San Juan Crisóstomo (347 – 407), escribió: “Quien se irrita sin motivo es
culpable, pero quien se irrita con causa justa no es culpable”. ¿Qué significa
exactamente esta expresión? ¿En qué sentido podemos decir que la ira está justificada o
no? ¿No había dicho Jesús en el sermón de la montaña que “todo aquél que se
encolerice contra su hermano será reo ante el tribunal” (Mt 5, 22)? ¿Cómo conciliar el
Evangelio con las expresiones del Padre apologeta de la Iglesia oriental del siglo IV?

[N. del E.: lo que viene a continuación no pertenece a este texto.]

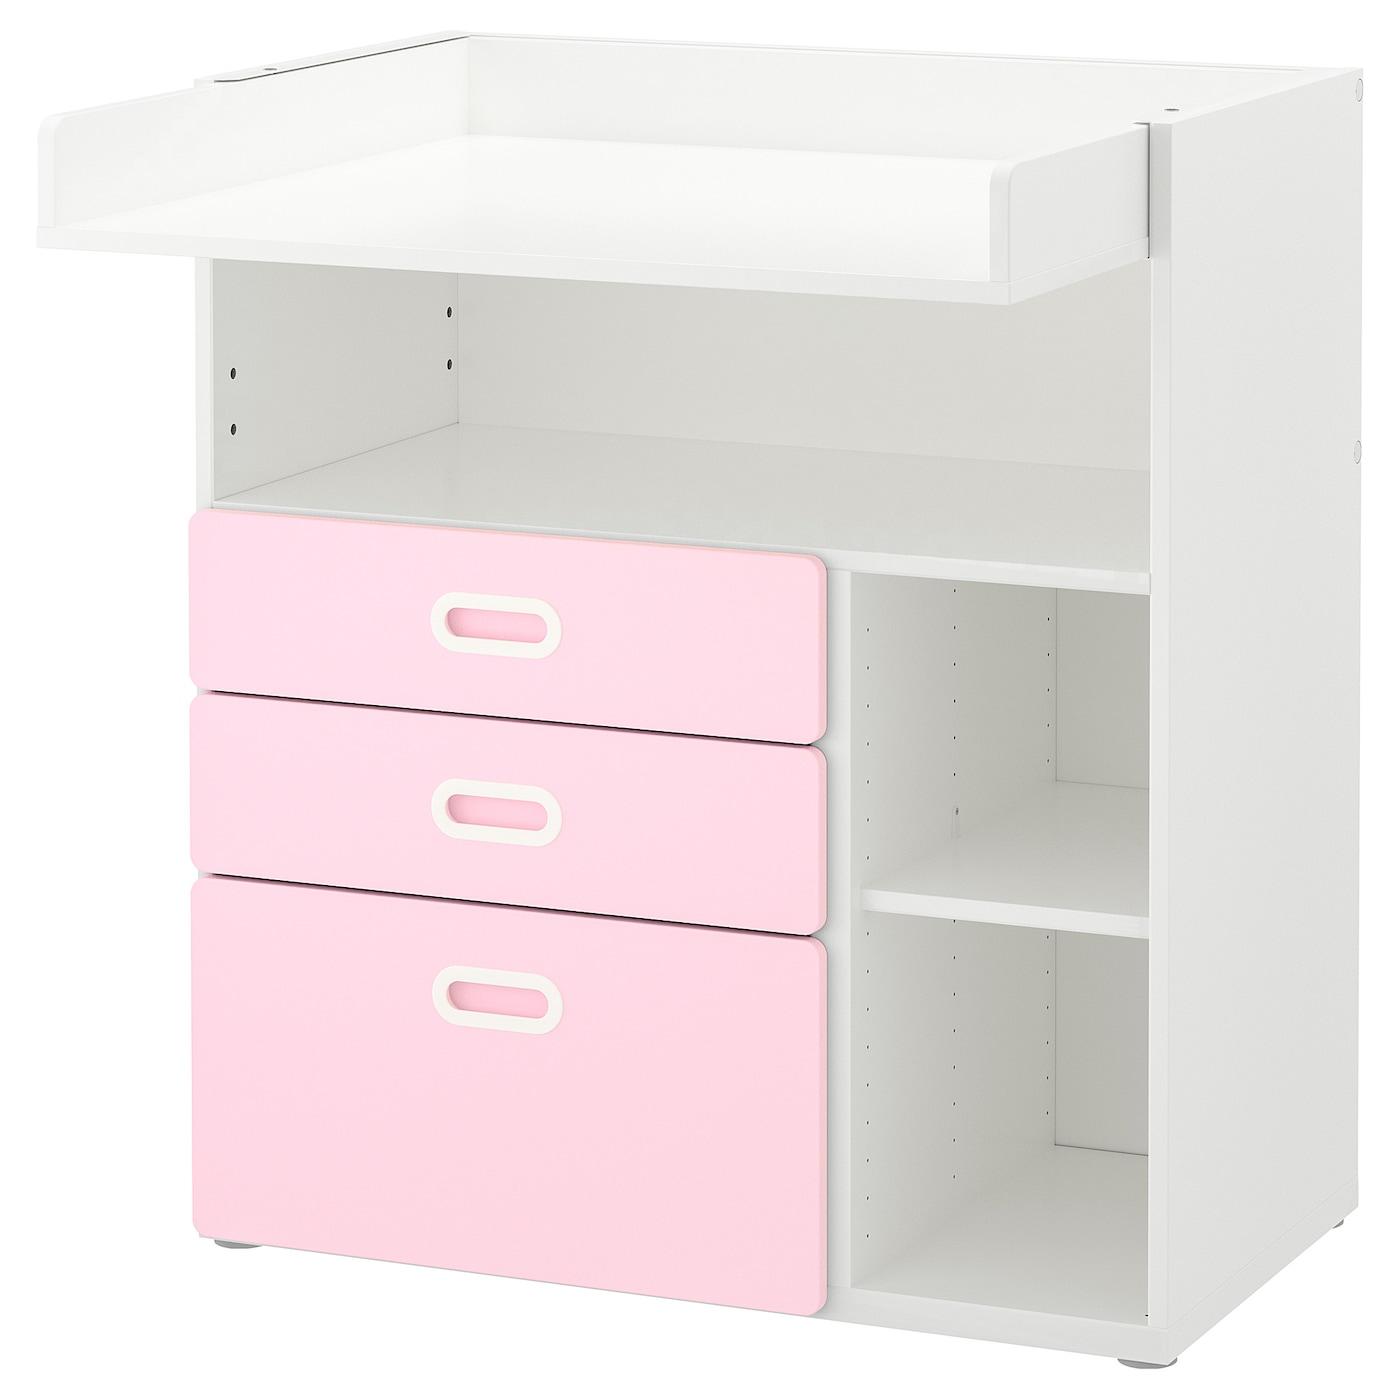 meubles b b mobilier chambre b b ikea. Black Bedroom Furniture Sets. Home Design Ideas

¿De qué clase de ira estamos hablando?
Antes del cristianismo, el primero que reflexionó sobre esta cuestión con cierta
amplitud fue Platón en el libro de La República. Allí identificó los tres tipos de alma,
definidas como la concupiscente, la pasional y la racional. Precisamente la Ira es el
término que fue asociado con el alma pasional bajo la expresión griega Thymos. Pero
este concepto significaba mucho más que la sola ira, en el sentido de cólera. Era el
impulso que mueve al hombre a actuar en una situación de peligro, como el soldado en
tiempos de guerra o el indignado ante una situación de injusticia. Platón mostró en este
marco que, si las virtudes de la moderación y la valentía acompañaban a dicha ira,
podían dirigirla por el camino correcto de la razón.

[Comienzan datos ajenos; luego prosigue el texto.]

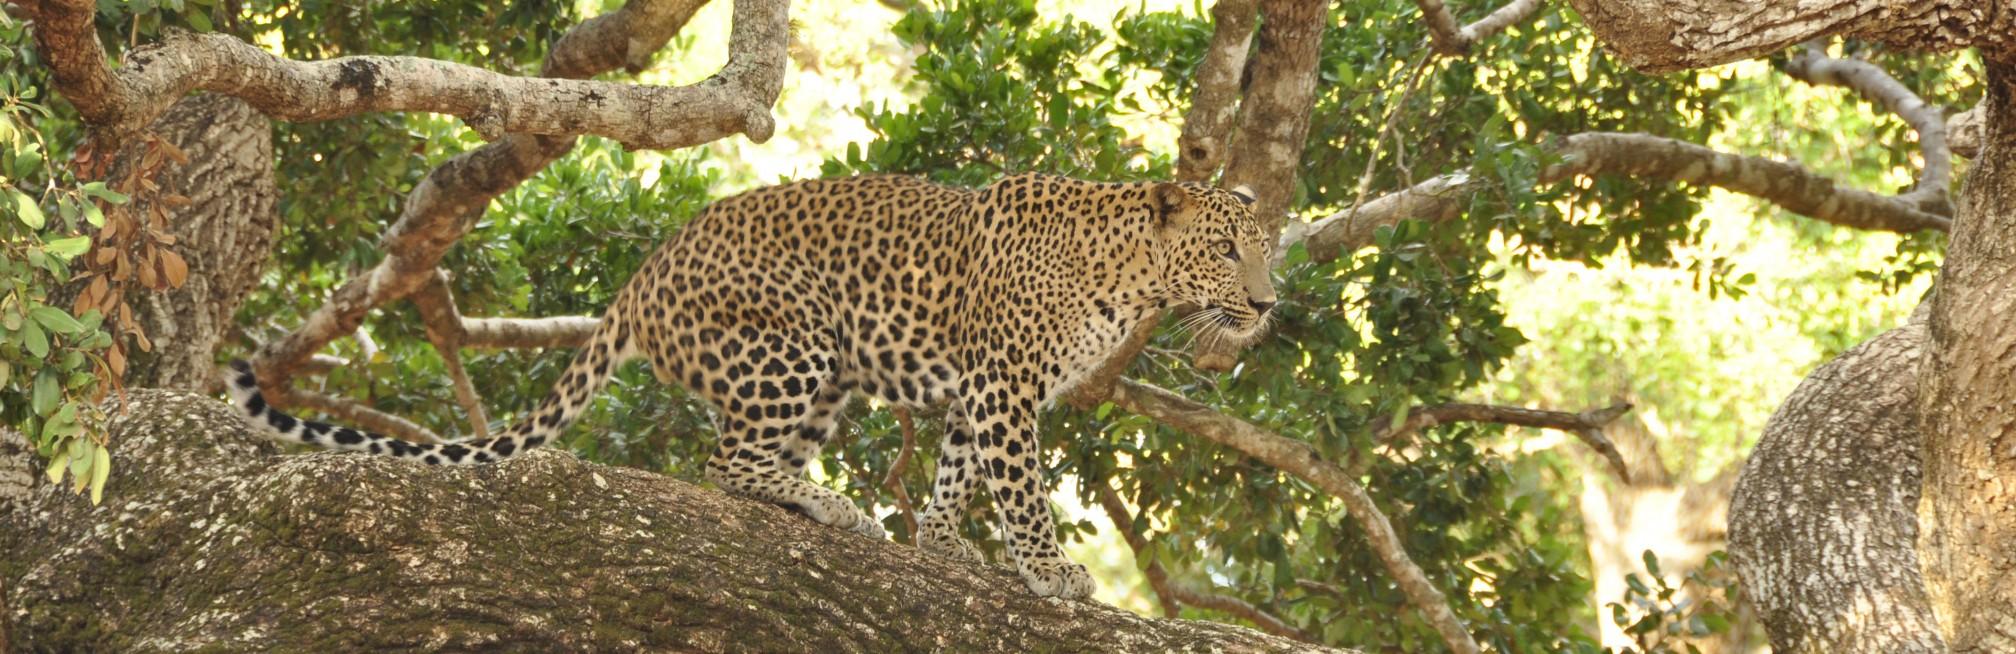 A spectacular Sri Lankan safari

Posteriormente Aristóteles en la Ética a Nicómaco, al desarrollar la doctrina de
las virtudes como el justo medio entre el exceso y el defecto, identificó la ira como un
área común de la naturaleza humana, cuyo exceso y vicio sería la del iracundo, mientras
su defecto sería ser incapaz de ira. En otras palabras, que no es sólo un vicio dejarse
arrastrar por la ira, sino que también es igualmente inadecuado y no corresponde con la
naturaleza humana no ser capaz de tenerla. En ese sentido debemos recordar que lo que
llamamos propiamente virtud es una cuestión de carácter, no de temperamento. Es decir
que corresponde con la así llamada, segunda naturaleza. Lo que conlleva un trabajo y
un esfuerzo en términos de construirse una forma de ser sobre la base de aquel genotipo
con el que venimos al mundo. De allí que la virtud como justo medio que identifica
Aristóteles es la de la apacibilidad. Es decir, el carácter de llevar a cabo la buena obra
desde la paz sin negar la naturaleza de la ira.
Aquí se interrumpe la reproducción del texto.